The lack of timing in the core abstraction is a flaw, from the perspective of embedded software, and threads as a concurrency model are a poor match for embedded systems. They are mainly focused on providing an illusion of parallelism in fundamentally sequential models, and they work well only for modest levels of concurrency or for highly decoupled systems that are sharing resources, where best-effort scheduling policies are sufficient. Indeed, none of the six examples given above include threads or processes in the programmer's model.

Embedded software systems are generally held to a much higher reliability standard than general purpose software. Often, failures in the software can be life threatening (e.g., in avionics and military systems). The prevailing concurrency model in general-purpose software that is based on threads does not achieve adequate reliability [19]. In this prevailing model, interaction between threads is extremely difficult for humans to understand. The basic techniques for controlling this interaction use semaphores and mutual exclusion locks, methods that date back to the 1960s [5] and 1970s [14]. These techniques often lead to deadlock or livelock. In general-purpose computing, this is inconvenient, and typically forces a restart of the program (or even a reboot of the operating system). However, in embedded software, such errors can be far more than inconvenient. Moreover, software is often written without sufficient use of these interlock mechanisms, resulting in race conditions that yield nondeterministic program behavior. In practice, errors due to misuse (or no use) of semaphores and mutual exclusion locks are extremely difficult to detect by testing. Code can be exercised for years before a design flaw appears. Static analysis techniques can help (e.g. Sun Microsystems' LockLint), but these methods are often thwarted by conservative approximations and/or false positives, and they are not widely used in practice.

It can be argued that the unreliability of multithreaded programs is due at least in part to inadequate software engineering processes. For example, better code reviews, better specifications, better compliance testing, and better planning of the development process can help solve the problems. It is certainly true that these techniques can help. However, programs that use threads can be extremely difficult for programmers to understand. If a program is incomprehensible, then no amount of process improvement will make it reliable. Formal methods can help detect flaws in threaded programs, and in the process can improve the understanding that a designer has of the behavior of a complex program. But if the basic mechanisms fundamentally lead to programs that are difficult to understand, then these improvements will fall short of delivering reliable software. Incomprehensible software will always be unreliable software.

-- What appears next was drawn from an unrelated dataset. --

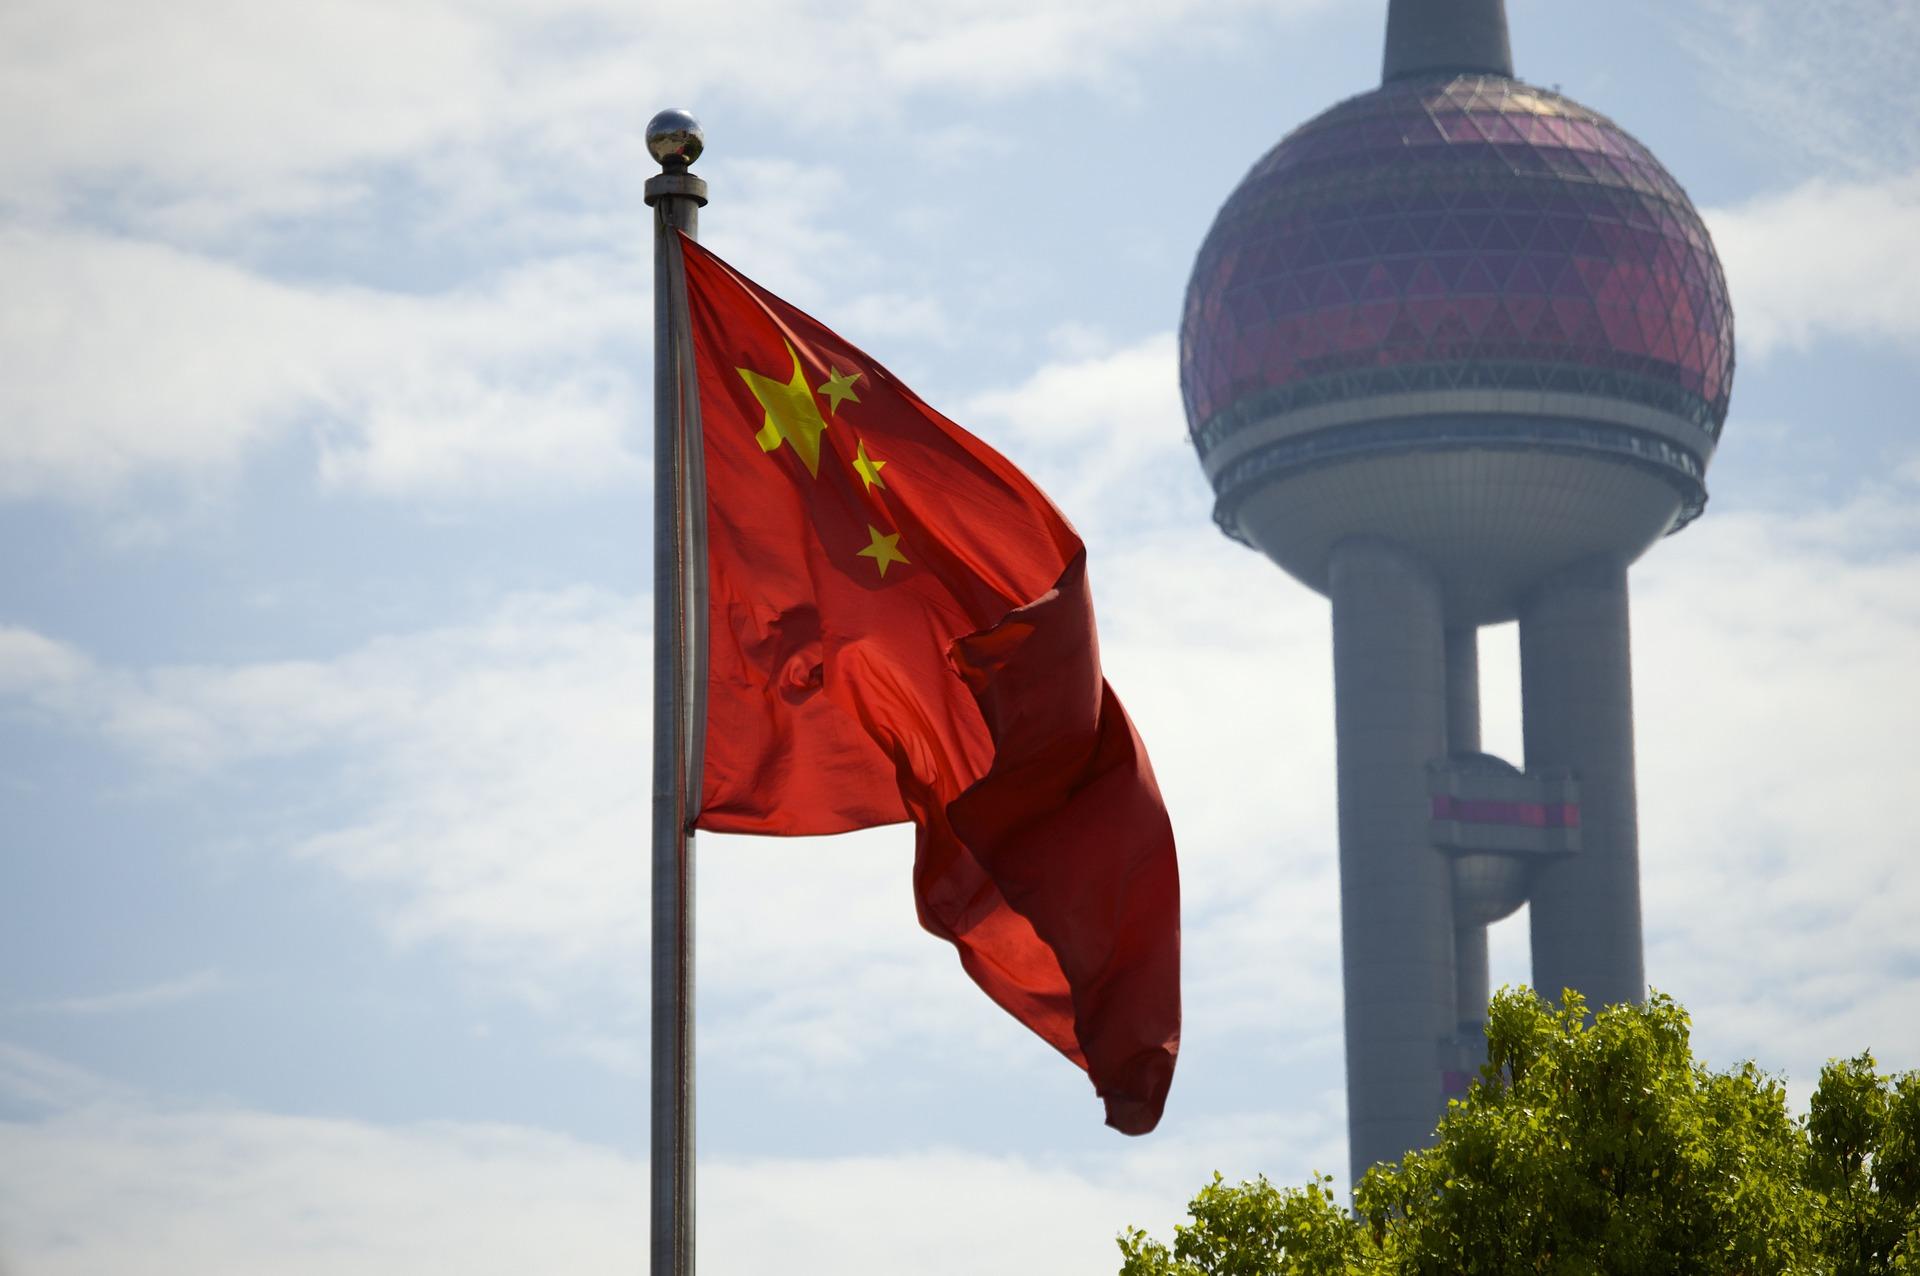 Pár týdnů do odhalení nové čínské krytoměny
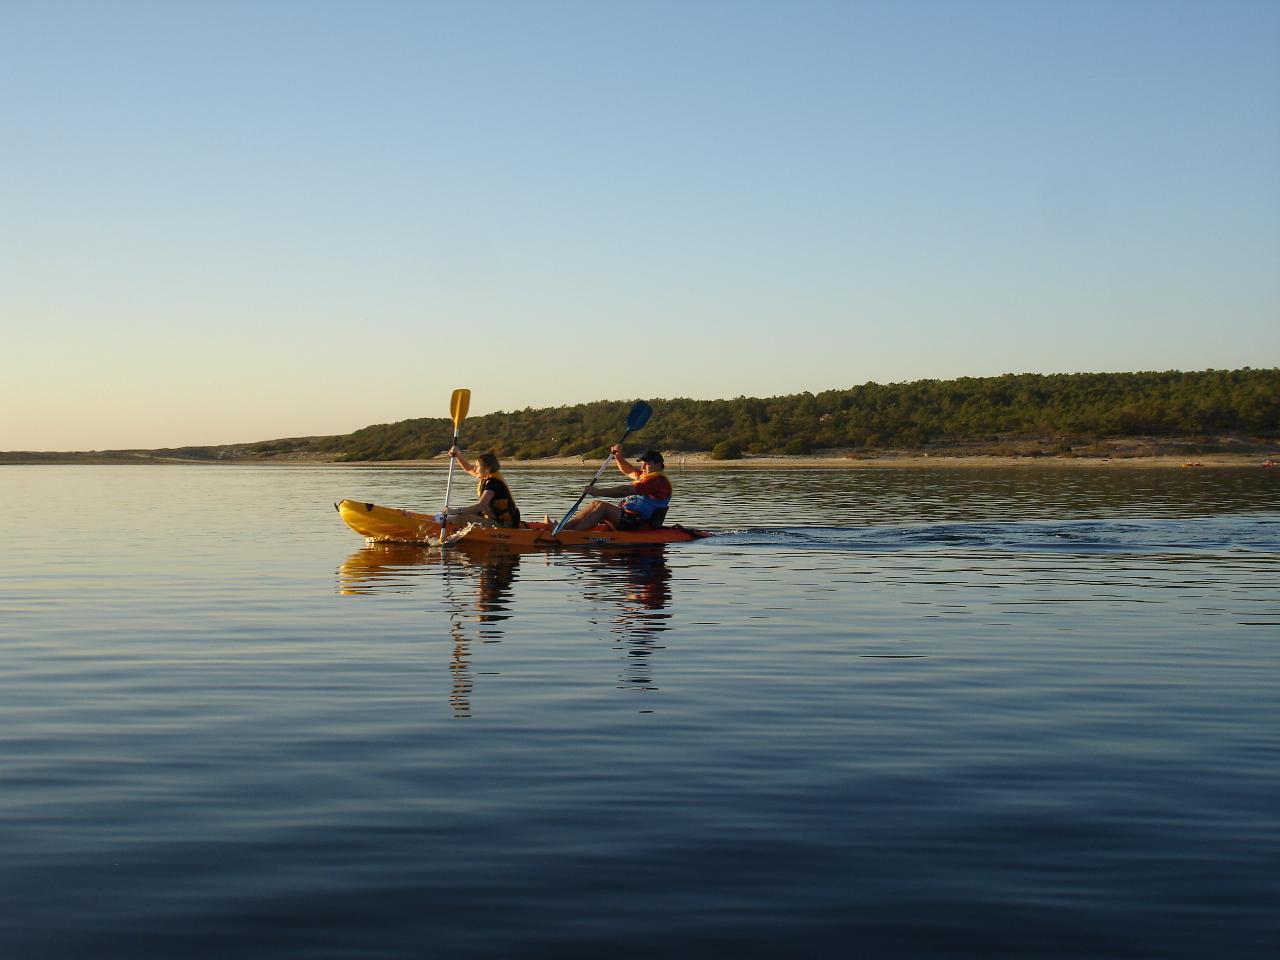 Tour de Kayak na Lagoa de Albufeira

Prevailing practice in embedded software relies on bench testing for concurrency and timing properties. This has worked reasonably well, because programs are small, and because software gets encased in a box with no outside connectivity that can alter the behavior. However, applications today demand that embedded systems be feature-rich and networked, so bench testing and encasing become inadequate. In a networked environment, it becomes impossible to test the software under all possible conditions. Moreover, general-purpose networking techniques themselves make program behavior much more unpredictable.

What would it take to achieve concurrent and networked embedded software that was absolutely positively on time, to the resolution and reliability of digital logic? Unfortunately, everything would have to change. The core abstractions of computing need to be modified to embrace time. Computer architectures need change to deliver precisely timed behaviors. Networking techniques need to change to provide time concurrence. Programming languages have to change to embrace time and concurrency in their core semantics. Operating systems have to change to rely less on priorities to (indirectly) specify timing requirements. The separation of operating systems from languages has to be rethought. Software engineering methods need to change to specify and analyze the temporal dynamics of software. What is needed is nearly a reinvention of computer science.

No individual project, obviously, could possibly take all of this on. Fortunately, there is quite a bit of prior work to draw on. To name a few examples, architecture techniques such as software-managed caches promise to deliver much of the benefit of memory hierarchy without the timing unpredictability [1, 6]. Operating systems such as TinyOS [13] provide simple ways to create thin wrappers around hardware. Programming languages such as Lustre/SCADE [2, 11] provide understandable and analyzable concurrency. Embedded software languages such as Simulink provide time in their semantics. Our own prior work shows how to generate hard-real time code from dataflow graphs [27].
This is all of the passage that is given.